Римо решал, есть ему утку или нет. Молодому человеку его возраста достаточно того количества жиров, которое содержится в растительной пище. На белой коже сваренной утки блеснула желтая крупинка жира, и Римо решил, что ограничится рисом.
— В твоей стране дето обстоит гораздо хуже: здесь повсюду работают непрофессиональные убийцы. Каждый, у кого есть оружие, считает себя вправе убивать.
— Я это знаю, — сказал Римо.
— А истинного наемного убийцу ассасина уважают даже его жертвы, потому что умирать от его руки легко. Разве сравнить с такой смертью страдания престарелого человека, мучимого столькими болезнями, пока он доберется до могилы? Его тело иссыхает, члены слабеют, зрение притупляется, дышать становится трудно. Когда же человек уходит из жизни с помощью настоящего наемного убийцы, он не испытывает боли — все происходит мгновенно. Я предпочел бы умереть именно так, это лучше, чем погибнуть в дорожной катастрофе, — рассуждал Чиун.
Римо встал.
— Мне пора, папочка. Ты едешь со мной?
— Нет, — сказал Чиун. — Это не для меня. Я слишком стар и беден. Давай прощаться. Возможно, ты и прав, настало время покинуть меня.
— Не так уж ты и беден, — возразил Римо. — У тебя полно золота.
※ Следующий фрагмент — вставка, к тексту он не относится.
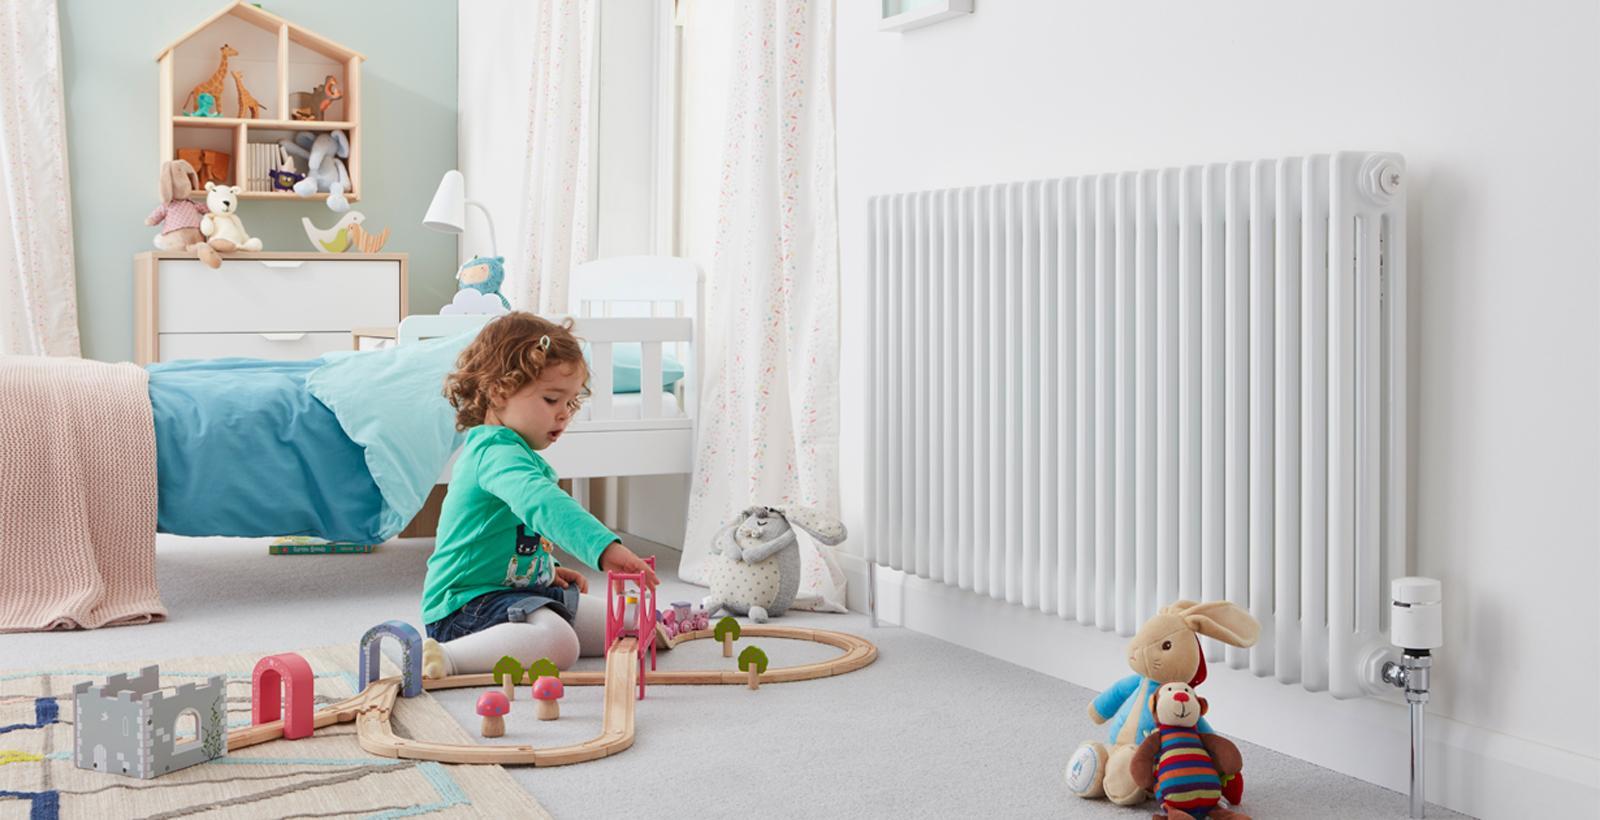 Heat The Nursery

Да и когда это было, чтобы наемный убийца не мог найти работу?
Все свое имущество Римо уложил в голубую холщовую сумку: пару запасных твидовых брюк, три пары носков, четыре черных футболки, зубную щетку.
Он думал, что Чиун его остановит, но этого не произошло. Римо застегнув молнию на сумке. Чиун трудился над своей порцией утки, отщипывая от нее маленькие кусочки своими длинными ногтями и разжевывая мясо в жидкую кашицу.
— Ну, я пошел, — сказал Римо.
— Вижу, — отозвался Чиун.
Римо знал, что Чиун никогда не путешествует без своих необъятных дорожных сундуков, которые нужно сдавать в багаж заранее, чтобы их могли перевозить морем. На этот раз он не поручил Римо это сделать.
— Я ухожу, — повторил Римо.
— Понятно, — сказал Чиун.
Римо пожал плечами и испустил глубокий вздох. Он проработал больше десяти лет и не сумел нажить ничего ценного. Впрочем, он к этому и не стремился. Теперь он уходит в новую жизнь, уходит туда, где у него будут дом, жена, ребенок. Возможно, даже не один.
Когда-то давно Чиун сказал, что дети как цветы. Ими любуются тогда, когда труд растить их берет на себя кто-то другой. Они с Римо часто спорили на эту тему.